The hunt for the famed burial site of all those awful Atari E.T. cartridges has been brought to a halt by environmental regulators.

Among gamers, it is a place of legend: A secret graveyard, where Atari went to die. Back in 1982, Atari released a game based on the hit Steven Spielberg film E.T. that was so execrable it was forced to bury it – literally, so the story goes, somewhere in New Mexico.

But nothing stays buried forever, and last year two documentary film crews announced plans to seek out the long-lost landfill and dig up the stash. Filming on one of them was slated to start earlier this year, but now the whole thing has ground to a halt over state environmental regulations.

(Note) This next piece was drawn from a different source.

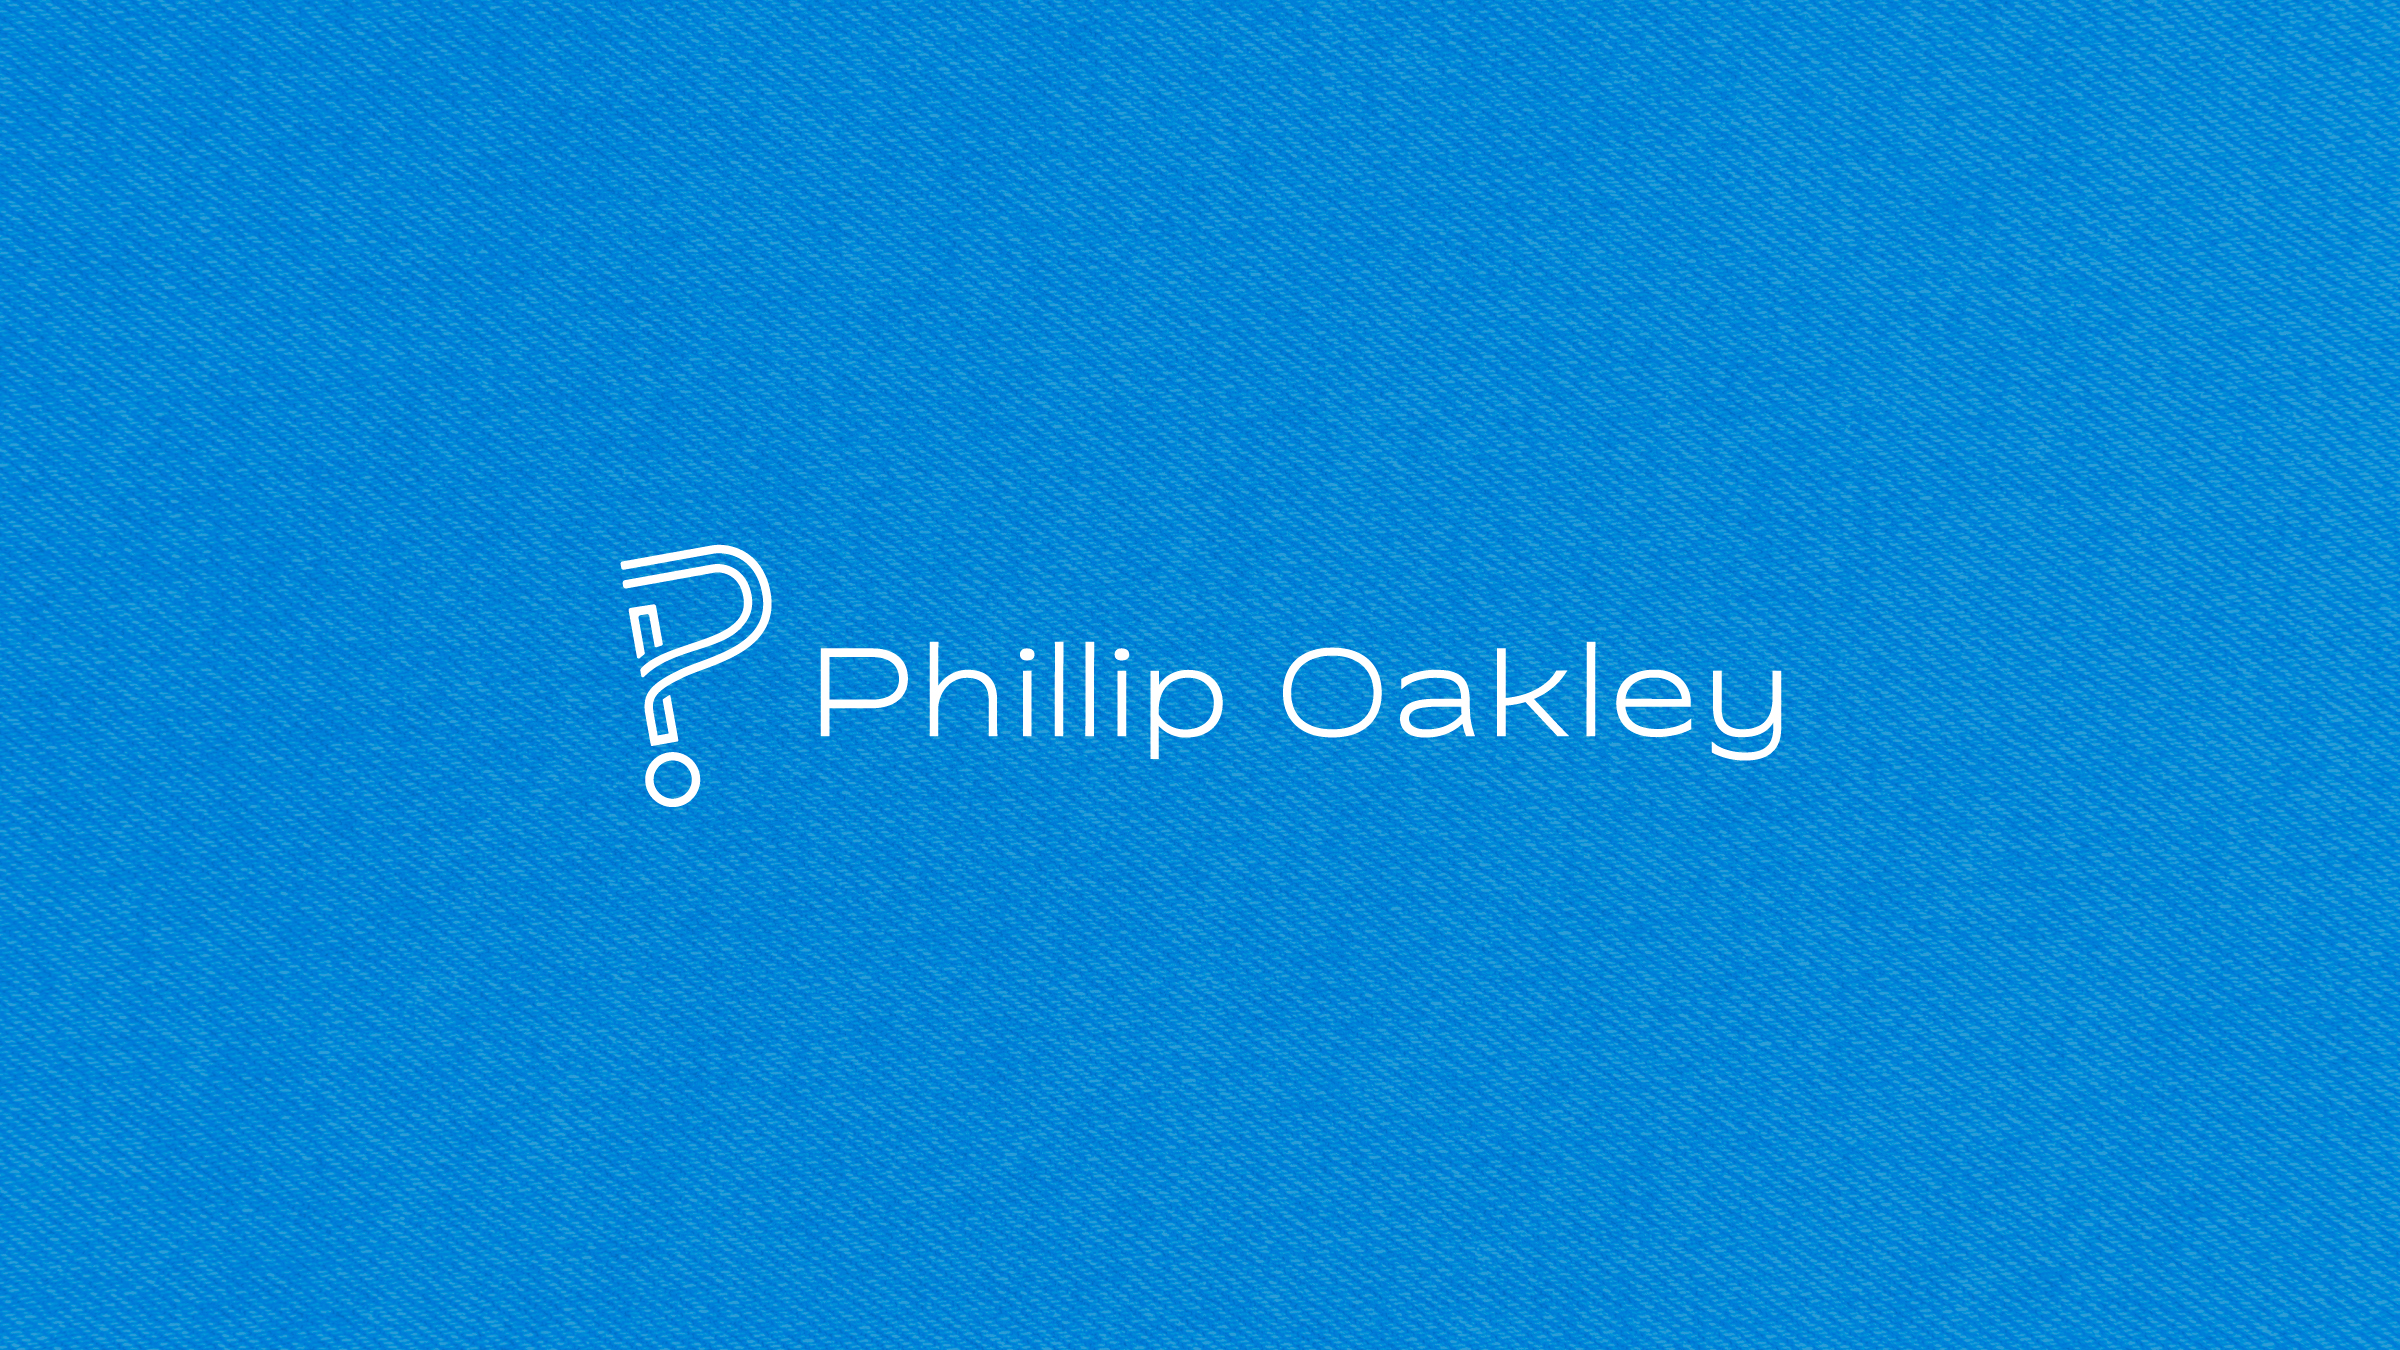 Featured image for “Phillip Oakley”

A “waste excavation plan” submitted in February was found to be lacking in necessary detail and was thus rejected by New Mexico’s Sold Waste Bureau, which “noted many items that needed to addressed, included or clarified before the Bureau could approve the plan.”

“No one is allowed to dig until the WEP is approved by the [Solid Waste and Ground Water Bureau],” New Mexico Environment Department spokesman Jim Winchester told the Alamogordo Daily News. “A WEP must be approved in advance of any excavation, and that includes even the city of Alamogordo.”

The excavation may proceed if the two companies involved, Fuel Entertainment and Lightbox Interactive, are able to satisfy regulators, but as of March 17 neither had submitted an updated plan. Lightbox Producer Catherine Pasciak did say, however, that the company still plans to make its film once it receives proper approval.